O meu avô era muito grande e muito alto. Tinha braços tão longos que um dia lhe perguntei se
poderiam dar a volta ao mundo. Respondeu-me que o mundo andava tão pequenino, que
talvez até fosse possível. O meu avô usava uma camisa aos quadrados com um bolso ao peito,
onde guardava um lápis de carvão. Tinha mãos enormes e ásperas que cheiravam a casca de
laranja ou a páginas de livros antigos, mas nunca aos dois ao mesmo tempo. O meu avô era
muito calado e muito sério. Vivia numa casa pintada de azul que de um lado tinha um pomar e
do outro um campo de trigo dourado de perder de vista. Do portão do jardim, via-se primeiro
o pomar de laranjas onde o meu avô nunca quisera plantar outra coisa. Um dia, perguntei-lhe
se não se importava de só as poder comer durante metade do ano. Respondeu-me que as
laranjas lhe tinham ensinado a respeitar o tempo das coisas. Dentro de casa, só existia uma
divisão que servia para tudo. Ao centro estava uma lareira que o meu avô acendia todos os
dias no inverno. De um lado, via-se um fogão, um lavatório e uma mesa que o meu avô usava
para cozinhar e também para comer. A um canto, tinha uma cama coberta de almofadas e, ao
lado, um cadeirão onde se sentava para ler. Não tinha televisão, só pilhas e pilhas de livros.

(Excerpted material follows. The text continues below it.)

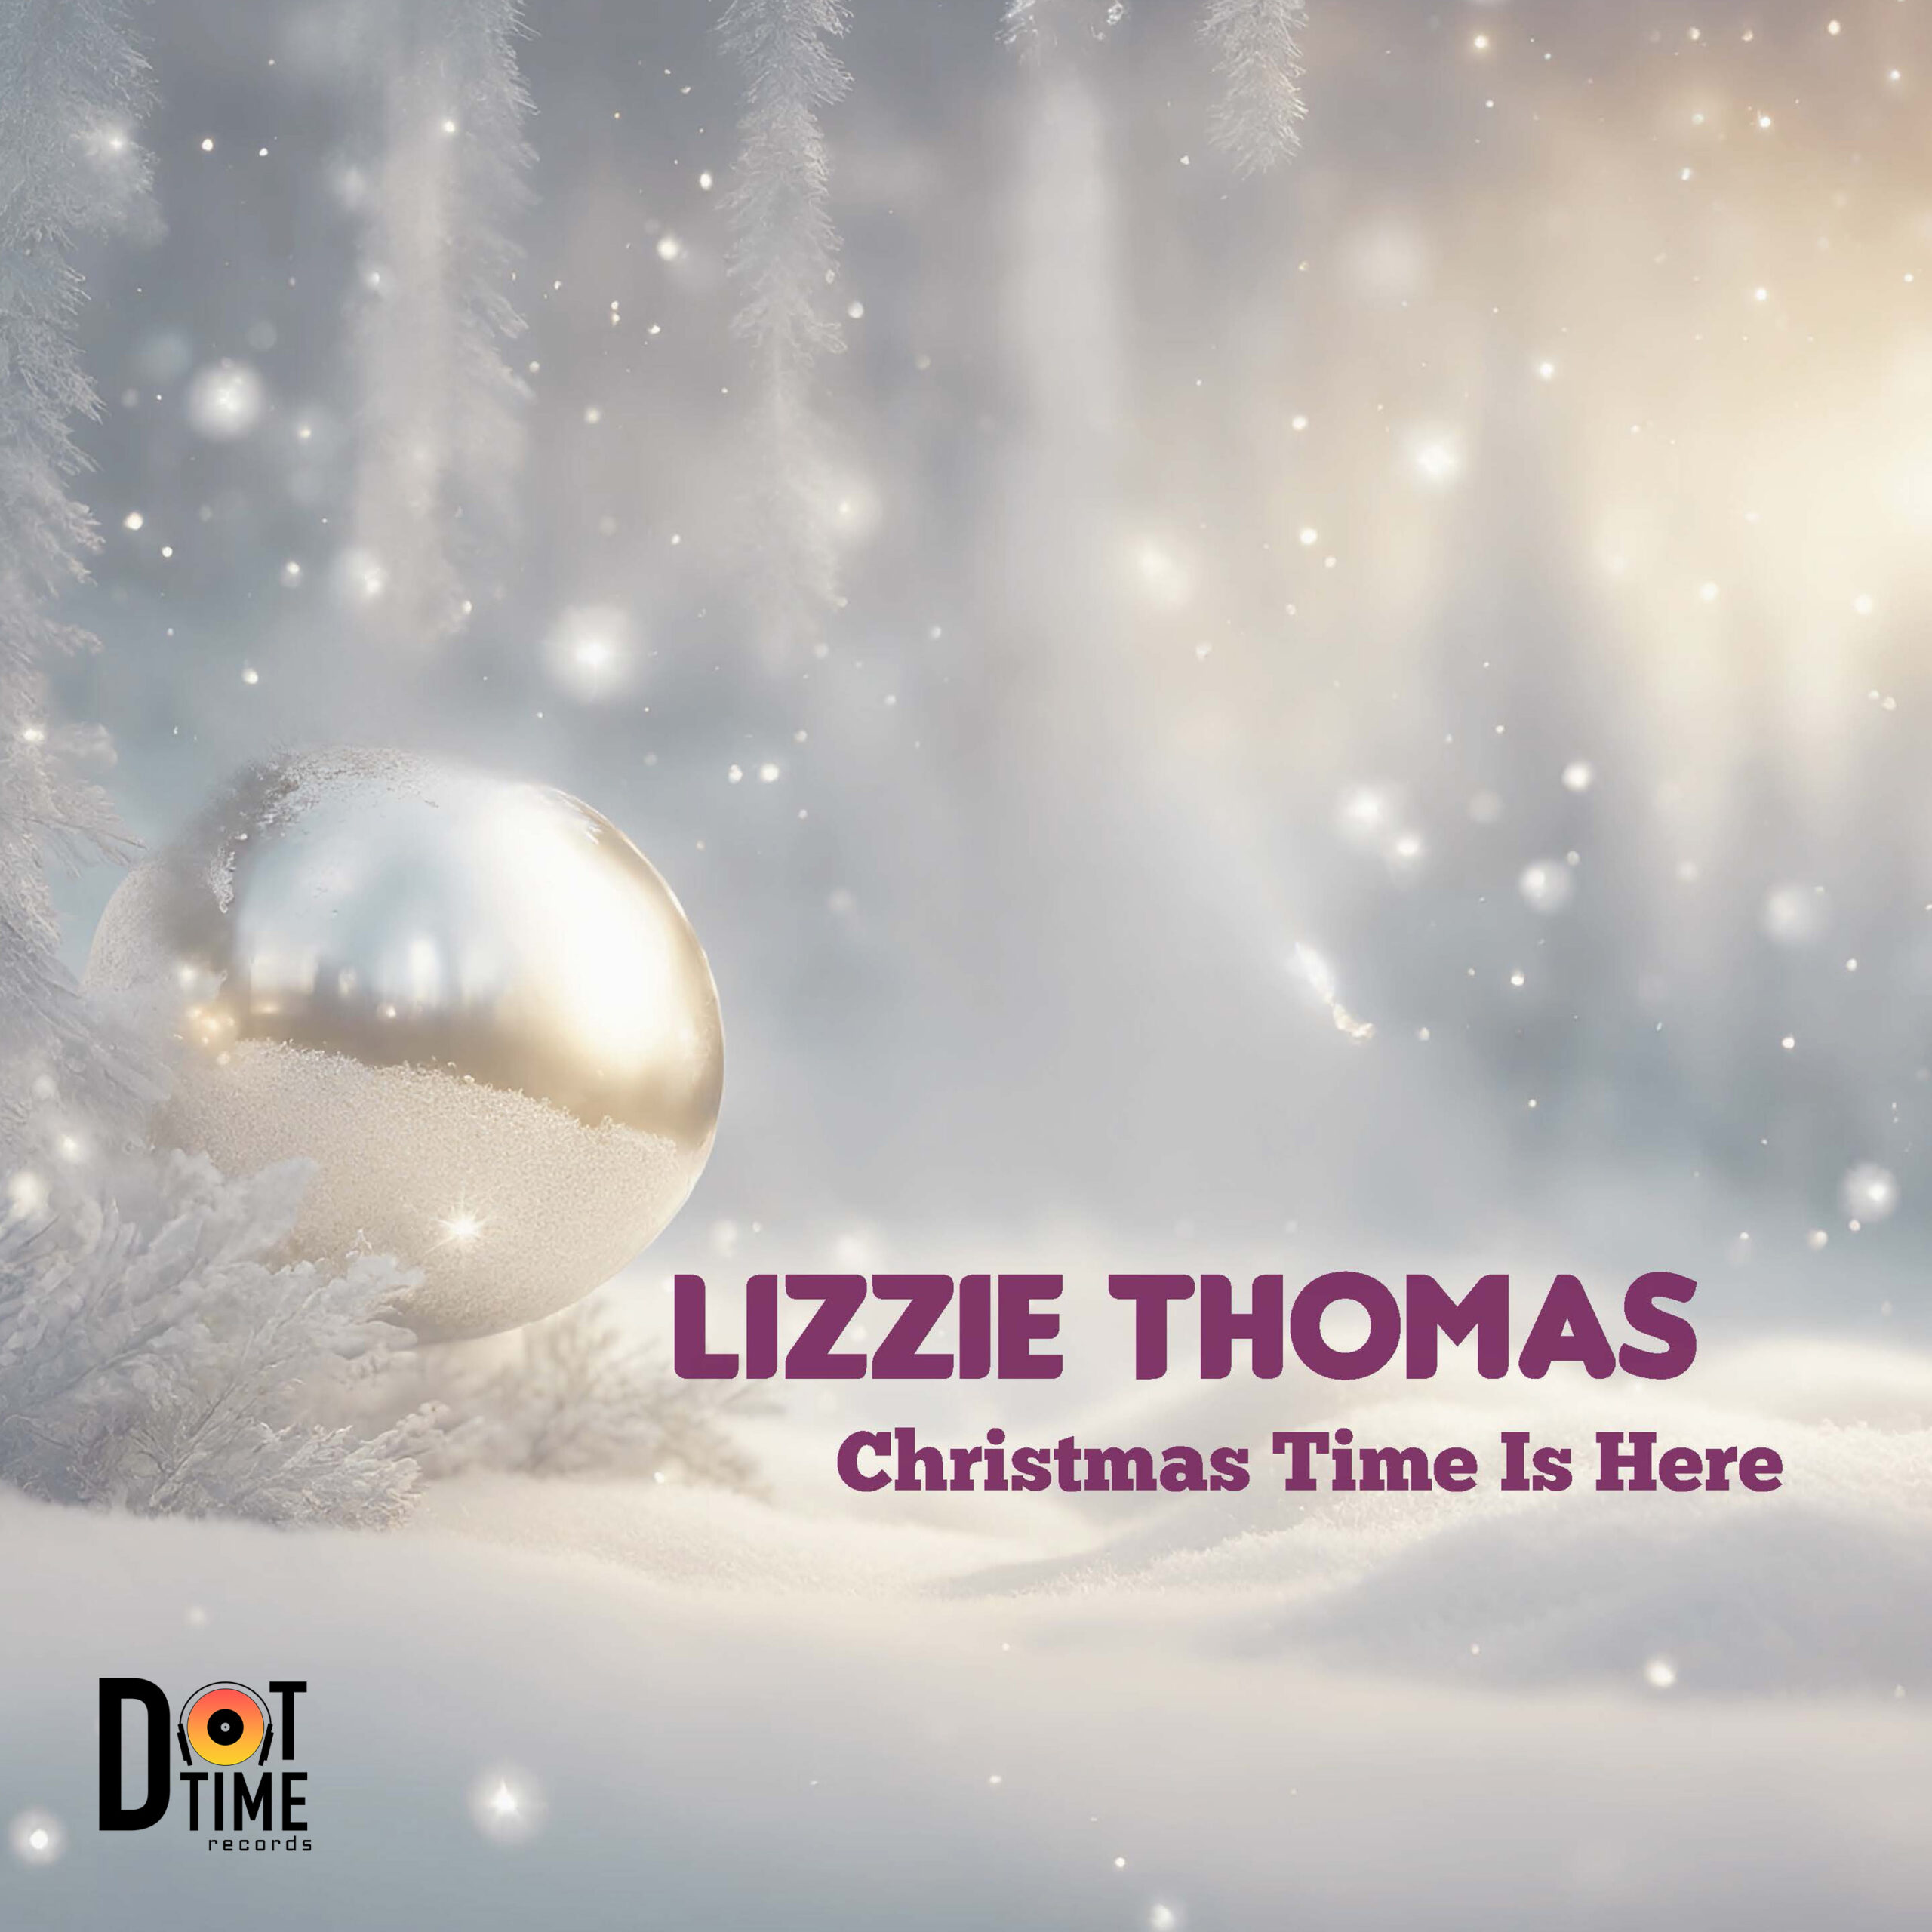 Lizzie Thomas - Christmas Time Is Here 3000x3000

Outro dia, perguntei-lhe se me podia contar as histórias daqueles livros. O meu avô
respondeu-me que eram todos de poesia e escolheu um para me mostrar que se chamava
mesmo assim. Eu estava habituado aos livros da escola com as páginas cheias de palavras,
como um grande nevoeiro, mas os livros de poesia não eram assim. Os poemas eram nuvens
pequeninas e às vezes até havia páginas só com três ou quatro palavras! O meu avô disse-me
que era mesmo isso que gostava na poesia. Explicou-me que existem palavras para quase
tudo. Palavras que dão nomes às pessoas, às coisas e aos animais. Palavras que são cores, têm
cheiro ou sabor. Palavras que carregam sentimentos e palavras que não dizem nada. Existem
palavras que só são precisas para colar umas palavras às outras. Cada pessoa aprende as
palavras à sua maneira e nem todas as palavras significam o mesmo para toda a gente. E
embora haja uma palavra para quase tudo, às vezes, pode acontecer-nos ficarmos sem
palavras. O meu avô ensinou-me que a poesia é o que acontece quando queremos falar, mas
não queremos dar grandes explicações.
Quando era pequeno, passava muito tempo na casa do meu avô. A minha casa, onde eu vivia
com os meus pais, era demasiado grande, cheia de curvas e becos sem saída, por isso, gostava
mais da casa pequenina do meu avô. Lá, estava tudo à mão de semear - podia brincar em
frente à lareira e vê-lo sentado no cadeirão com um livro nas mãos, o lápis ao peito e o olhar
em mim. A minha mãe cansava-se rápido das minhas perguntas e, em vez de me responder,
dizia para as fazer ficava.
Nos dias de semana, o meu avô ia buscar-me à escola. Lanchávamos e fazíamos os
trabalhos de casa, mas eu não gostava de os fazer. Não percebia porque é que depois de um
dia inteiro na escola, ainda tinha de trazer a escola para casa. Os textos de português
demasiado longos cansavam-me. Os problemas de matemática cansavam-me. Os enigmas de
ciências cansavam-me. O meu avô conhecia-me bem e quando via o meu cansaço a chegar,
levantava-se da mesa devagarinho, escolhia um livro e punha-se a lê-lo em voz alta. Uma vez,
disse-me que acreditava que a poesia também era uma forma de aprender.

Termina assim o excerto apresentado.